The invasion of a Qantas Club lounge at Sydney’s international terminal on Monday by passengers who had been completely screwed by a cumulative 24-hour delay on a flight to London really isn’t the amusing incident it was reported as being in some quarters.

It was a rupture of trust that is very dangerous for Qantas, and a clear warning to Virgin Blue and Tiger.

That incident and others that followed this week arise from the inability of Qantas to maintain its fleet in reliable working order.

Pre the lounge invasion Qantas and Jetstar have dumped jetloads of hundreds of passengers at a time in terminals, even outside locked terminals, in Sydney, Perth, Hobart and Honolulu among others as aircraft broke down and staff dithered over the arrangements or obligations needed to accommodate them.

Passengers have been left sleeping on bus shed benches in some cases.

Qantas no longer has enough spare parts nor qualified maintenance staff on duty, to perform the necessary pre-flight or turnaround checks, or carry out what in a full service carrier would be otherwise routine running repairs or rectifications.

It goes beyond the current overtime bans by maintenance workers too. Most of the screw ups in Qantas and Jetstar flights this year have happened before the bans were applied.

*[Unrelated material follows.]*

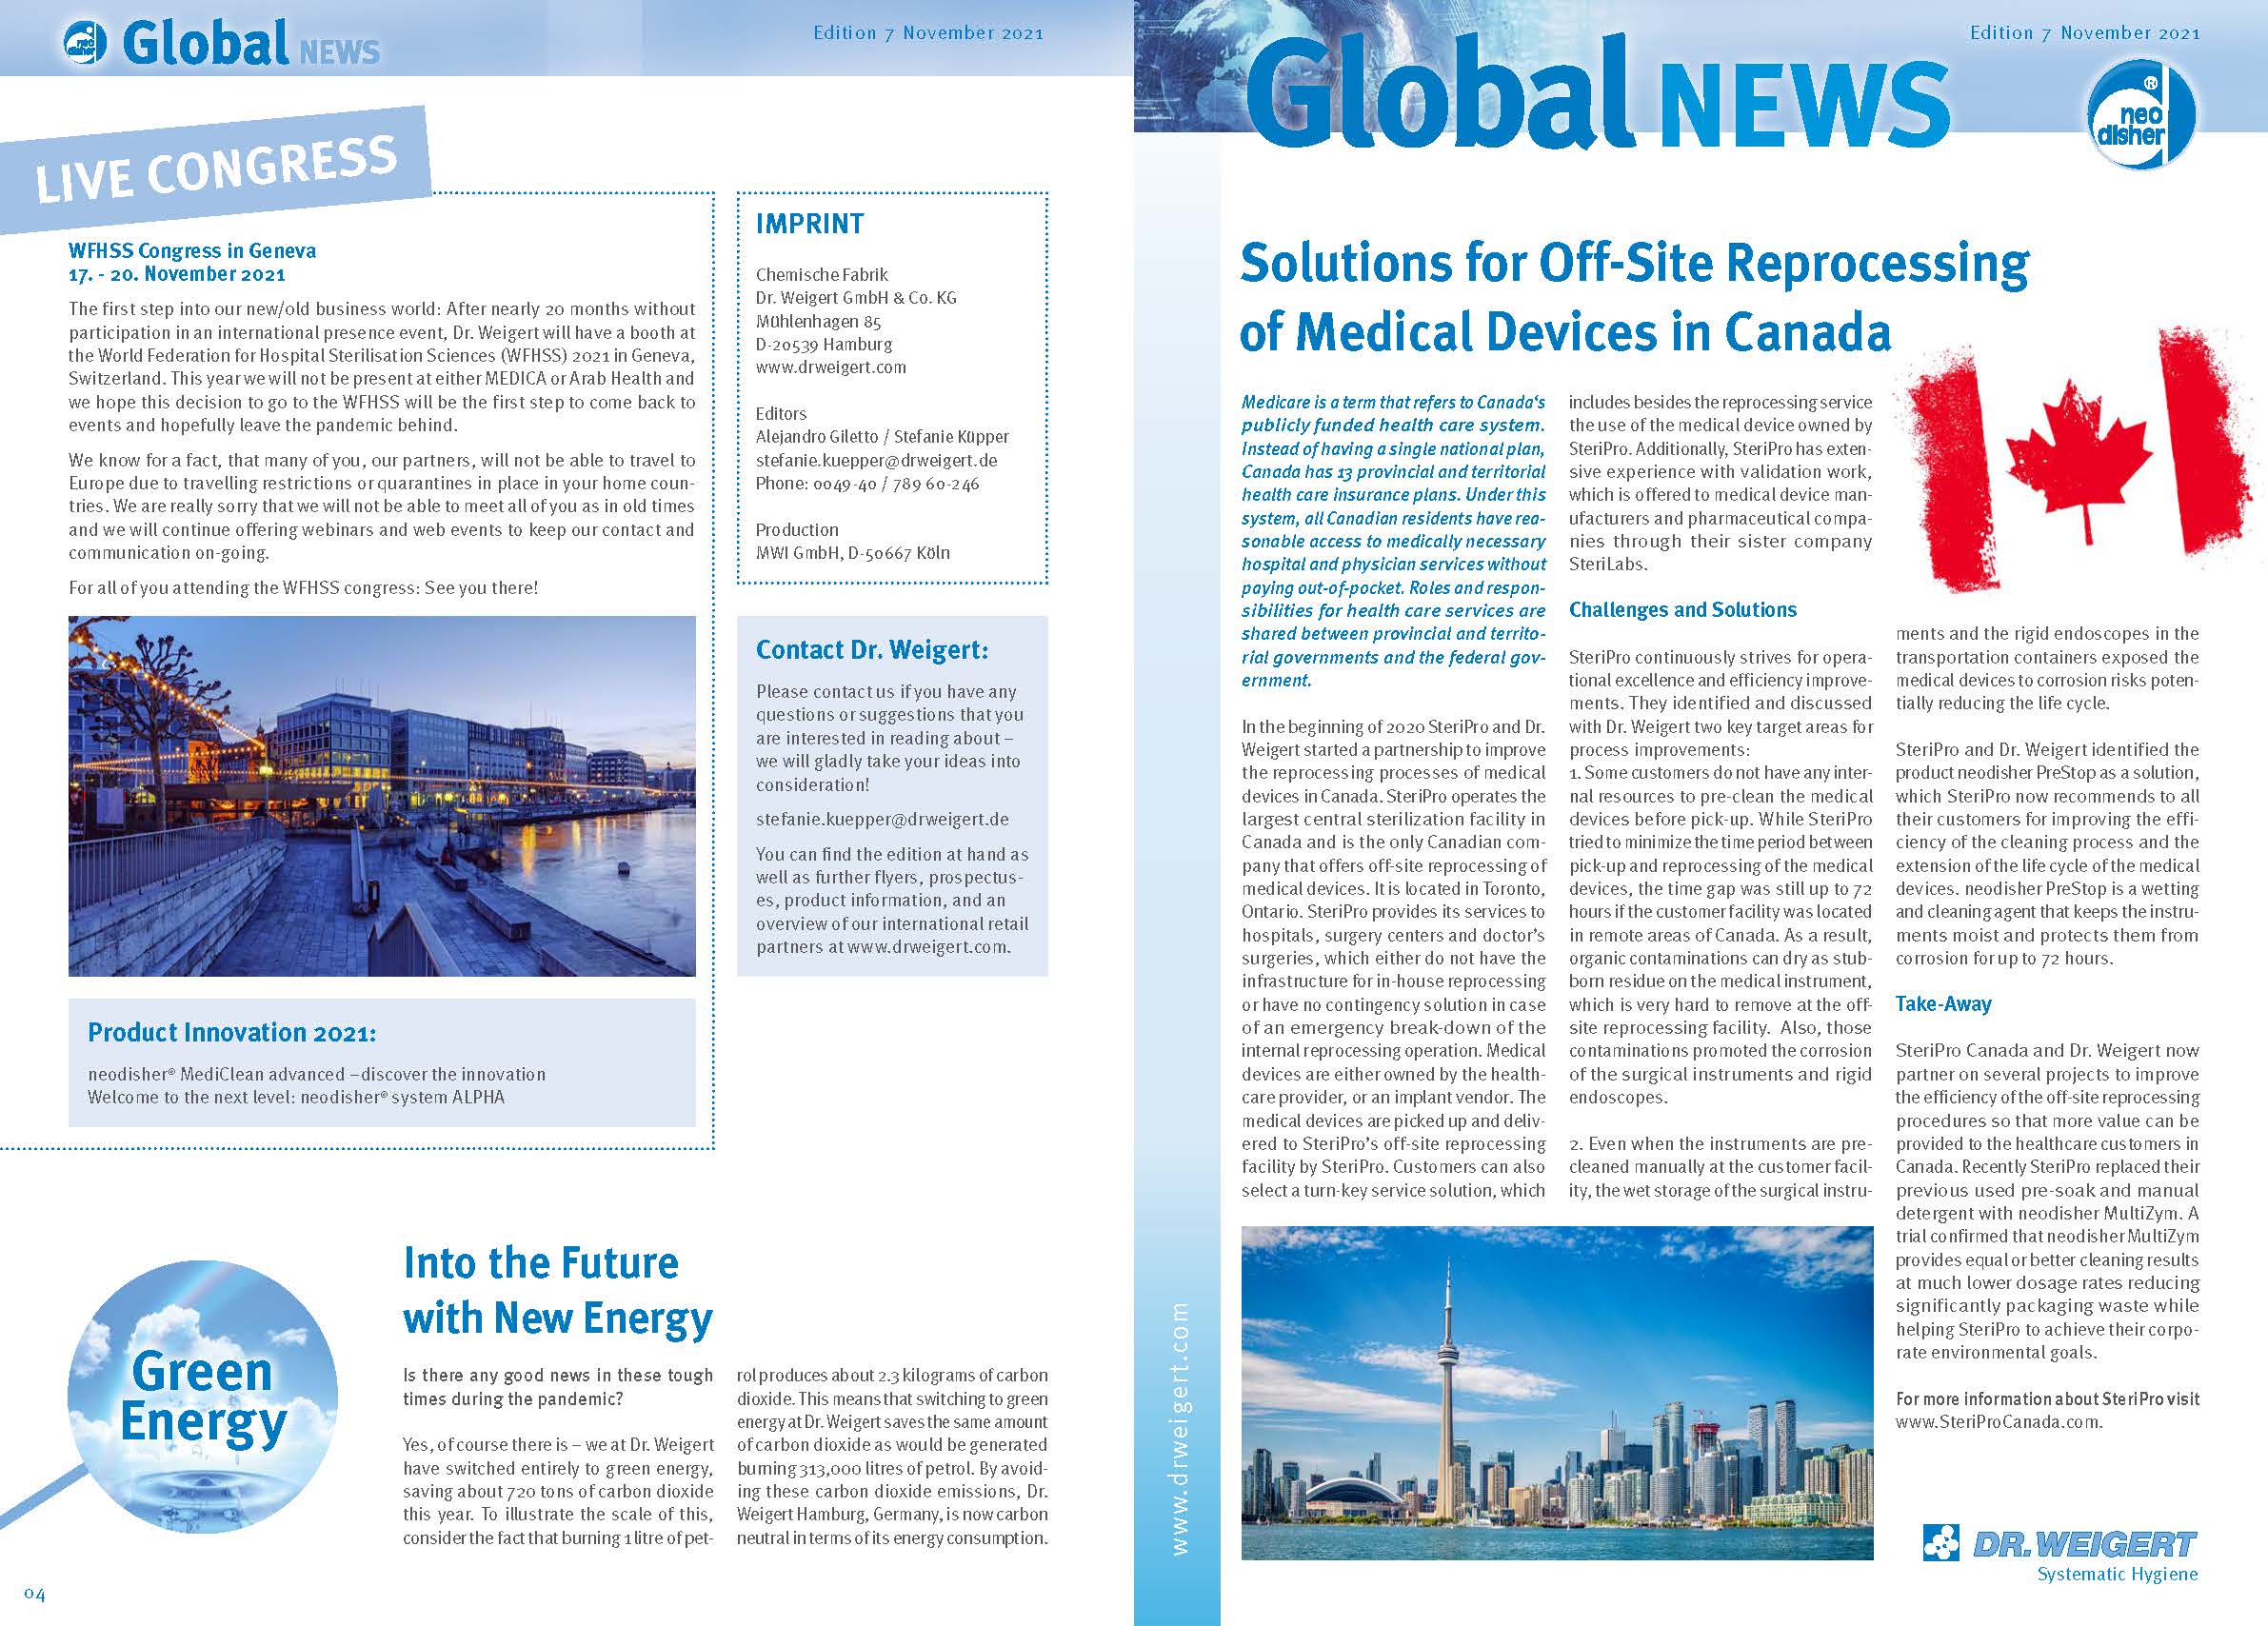 SteriLabs featured in Dr. Weigert Global News article published at the WFHSS Congress

The forced withdrawal from service of four aged 747s and several seriously unreliable senior 767s just announced by Qantas will make things much worse. These jets aren’t worth the heavy maintenance they need to remain safe and legal, but the replacements Qantas thought it was getting through a large order of Boeing “Dreamliners” isn’t going to happen this year, as planned, or even next year, as more recently promised by the maker, and possibly not until 2011. The Dudliner hasn’t even flown yet. It is still in pieces in Seattle, being wired together.

Yet the maintenance union claims Qantas gutted its engineering resources in Australia in anticipation of outsourcing even more of the work overseas as it introduces new wide bodied jets including the giant Airbus A380s and the Dreamliners and now seems unable to cope with their late deliveries.

Whatever management and the unions say about their respective positions is lost on alienated customers.

The brand is trashing itself as management finds itself trapped by aircraft makers that can’t deliver, and maintenance arrangements that can’t cope.